10. A Ghost in Harrenhal (Season 2)

Recap: Arya, Gendry, and Hot Pie make their way to the Wall, but Yoren's party is beset by Lannisters. The recruits instead find themselves under the care of the Tickler, Ser Gregor Clegane, and Tywin Lannister. Arya's wits help her to win the favor of Lord Tywin, while her courage wins her the service of Jaqen H'ghar. Arya tasks Jaqen with killing two sadistic members of the Mountain's horde and finally with helping her to escape the castle before the Starks take it.

A.k.a., Arya is f***ing amazing: The Series. Arya and Tywin's scenes are some of the greatest in the show's run, revealing a paternal side to Tywin that ironically goes missing when he addresses his 'ill-formed, spiteful thing' of a son and his daughter still ripe for 'breeding.' Arya is sharp-eyed, cunning, and just a little too bold addressing a clear superior.

And of course, Arya's taste for blood develops further here. The atrocities that the Mountain's people put their prisoners through are horrific, and furthermore, they seem mainly to be doing it for fun. Given the power bestowed to her by this genie of death, of course you want Arya to leverage Jaqen's assassin skills. And it's a pretty damn dirty trick she pulls to ask for so many other people's deaths in order to escape the castle when the chance is provided. But she's not a master strategist - the big picture move is seemingly to kill Tywin, but this never winds up becoming the play.

It's an extraordinarily dreary storyline shot in monotonic grimness. The only things that shine here are the principal actors: Tywin, Arya, and Jaqen. But their quiet charisma somehow manages to be enough to elevate this arc to one of the greatest of the series. A man has no name, just the second most iconic words of the show's run: Valar morghulis.

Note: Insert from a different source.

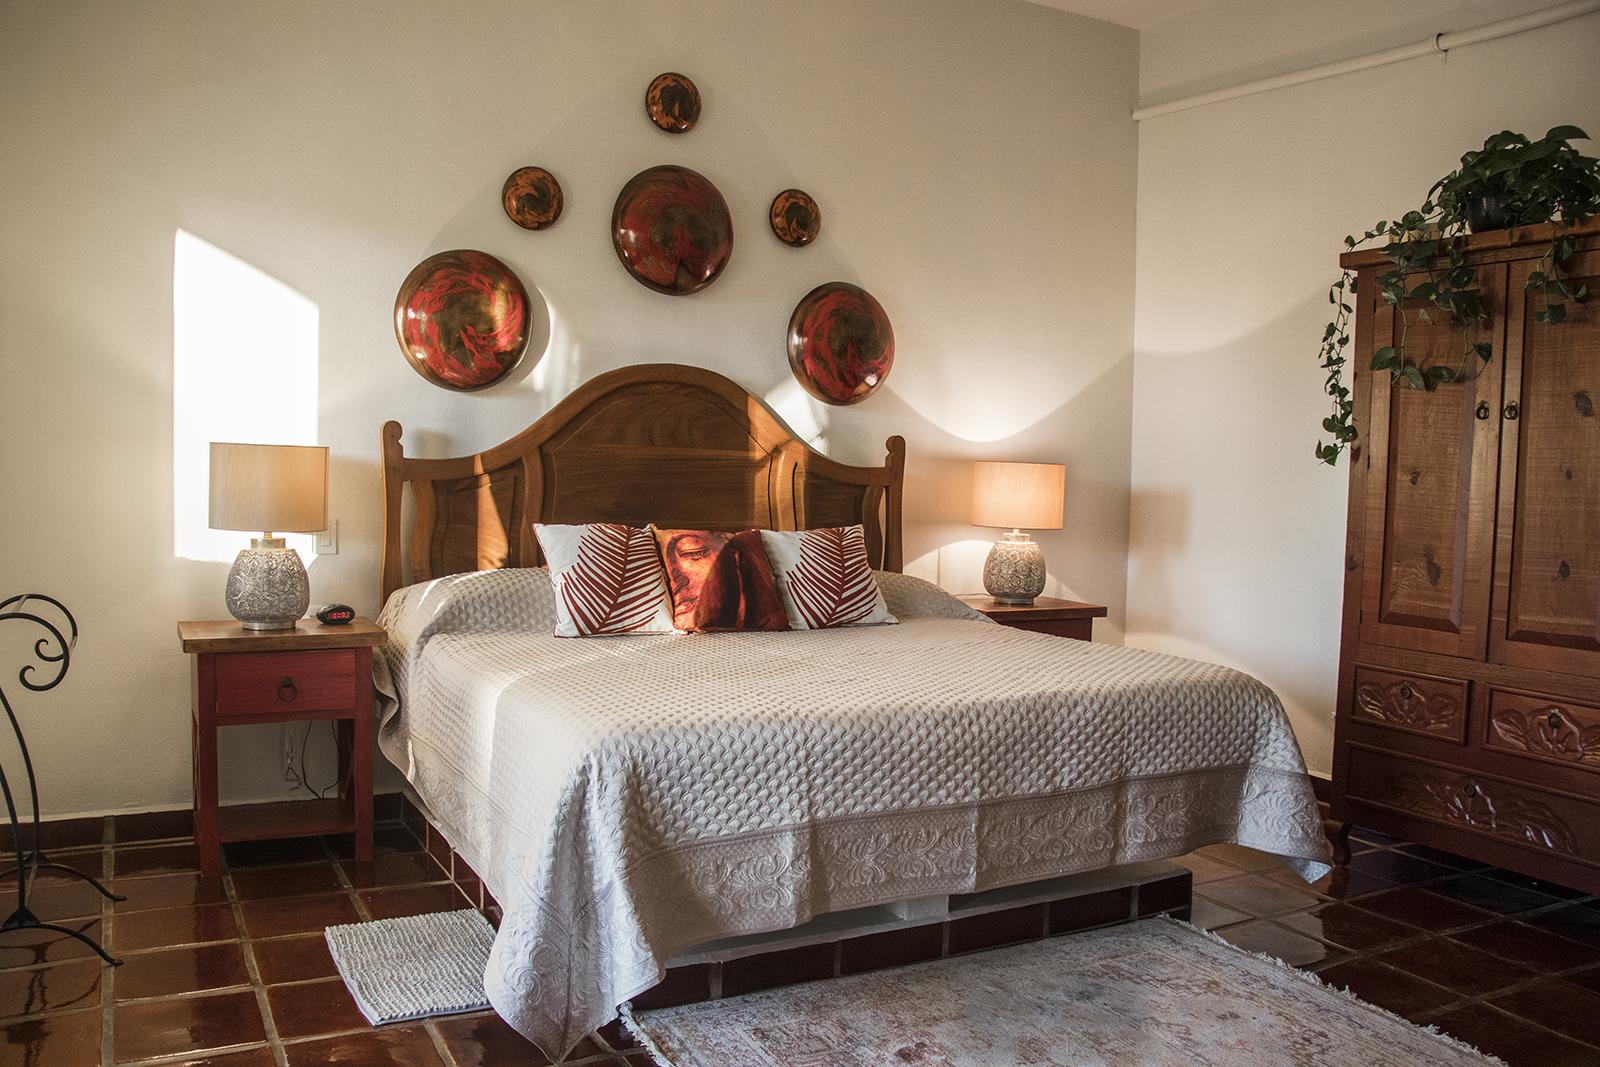 Fuego King size bed - San Pancho, Mexico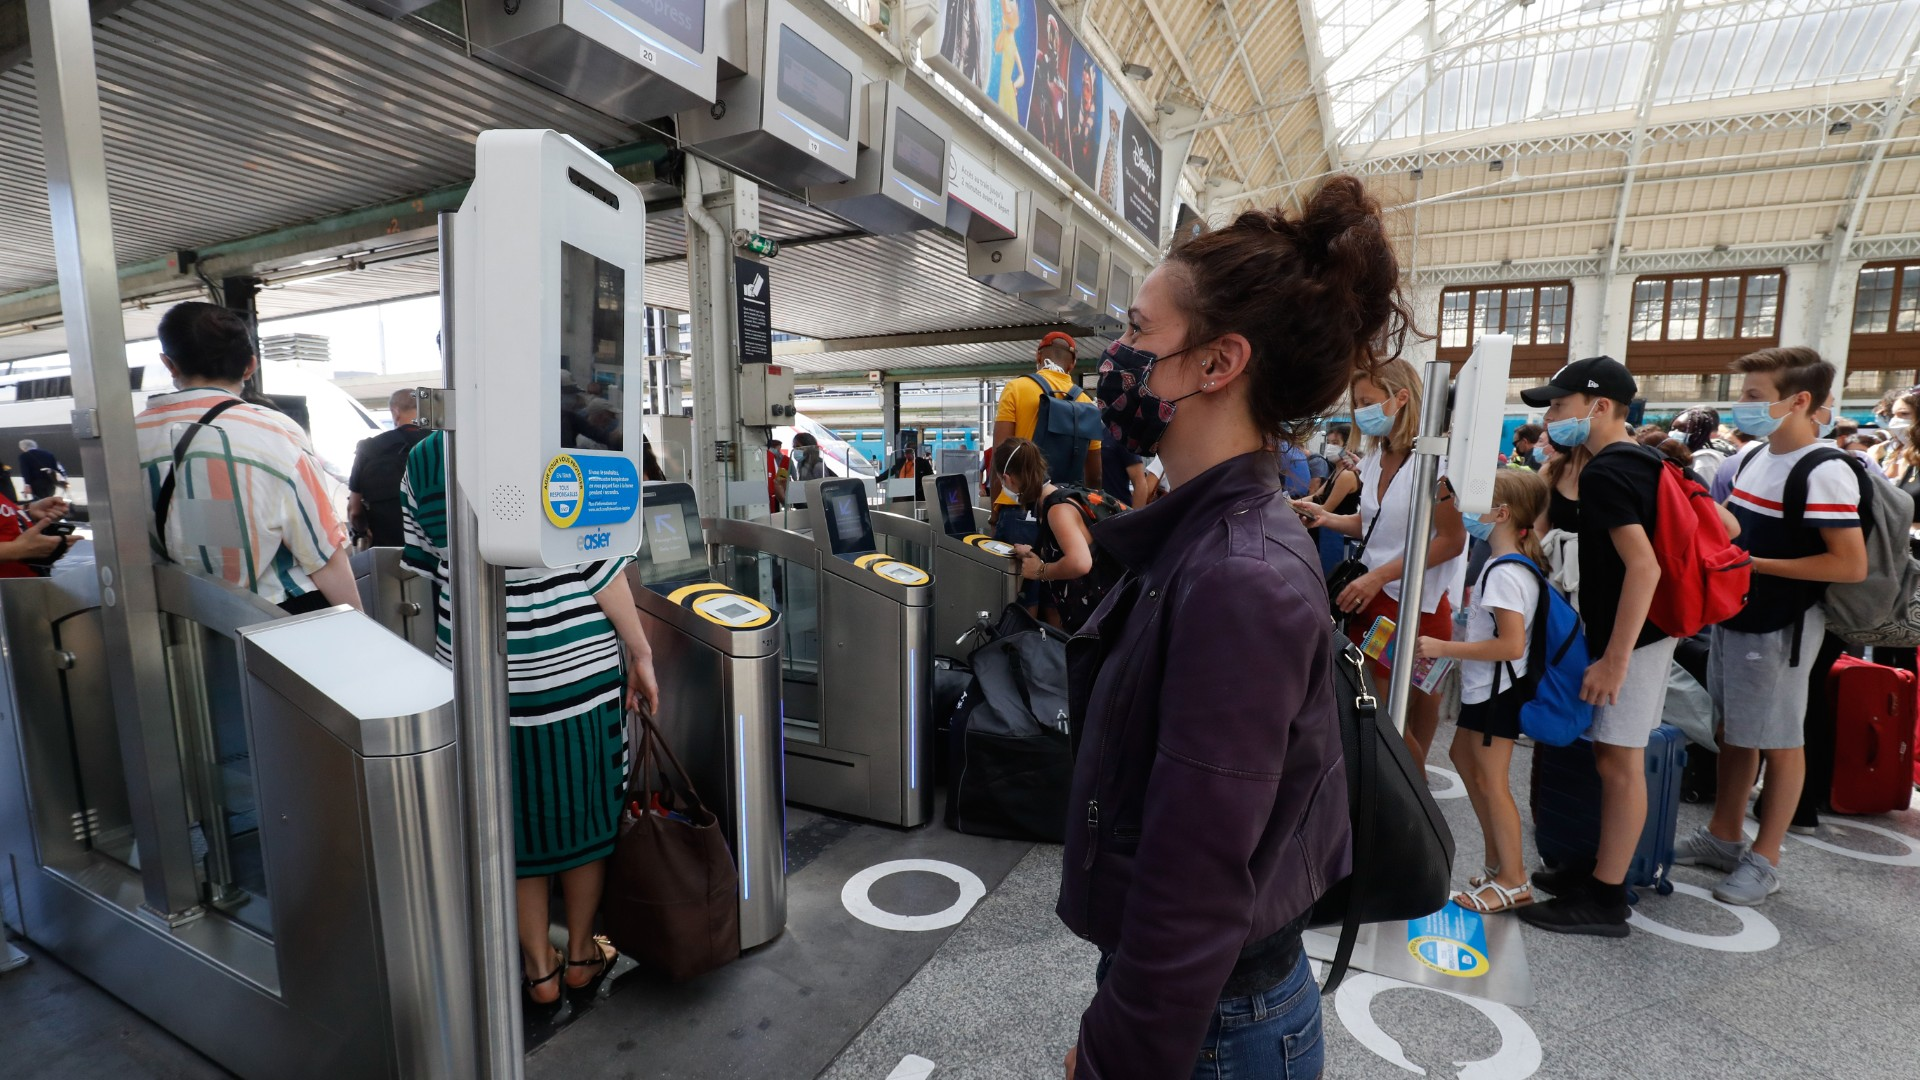 Summer Holiday Season Begins In France Despite Covid 19 Fears Cgtn

Book notes: The books stretch out the first piece of this arc dramatically - the parts with Yoren's party questing northward. They're slow and meandering, and for some reason they take up multiple chapters, but they give a great insight into the already-war-torn Riverlands. The show does a really effective job of capturing the devastation while trimming the length, focusing more on Arya and her friends, and the like.

That's also the theme in Harrenhal, largely. Arya's sojourn in Harrenhal in the books is long. And detailed - there are tons of points about how the washer-women are treated, about the one poor girl that gets raped by a hundred Lannister soldiers, the women who bully Arya into doing her work. And then there's the final chapter, in which Arya has to escape from Roose Bolton - full of foreshadowing for the Red Wedding, and loaded to the gills with pure eeriness.

The show gives Arya to Tywin instead of Roose, and I think it's a huge win. The Leech Lord Bolton of the books is practically a vampire, which is awesome in its own right. The show's no-nonsense Roose is more like a Northern Tywin who gets the short end of the plot stick. Having the actual Tywin winds up working better.

What is missing that I miss - Arya's inner monologue. Some of GRRM's psychological insights come from repeated phrases in a character's mind, and none to me is as memorable as Arya's feeling that she's a mere mouse in Harrenhal. It's a beautifully vulnerable sentiment. Yet when she discovers the power of her twisted genie in her Faceless Man, she begins to feel powerful, like a ghost... and then she loses him and is once again a mouse. This sort of empowerment and disempowerment is lost in the show.

The books also see Arya commit her first cold-blooded murder at the end of ACOK. Her escape is formulated personally rather than by leveraging Jaqen, and she uses his coin to distract and kill a guard. I prefer the show's take here by a bit - it smooths out the journey from badass chick to shameless murderer when the executions don't start 'til late-Season 3, after the Red Wedding.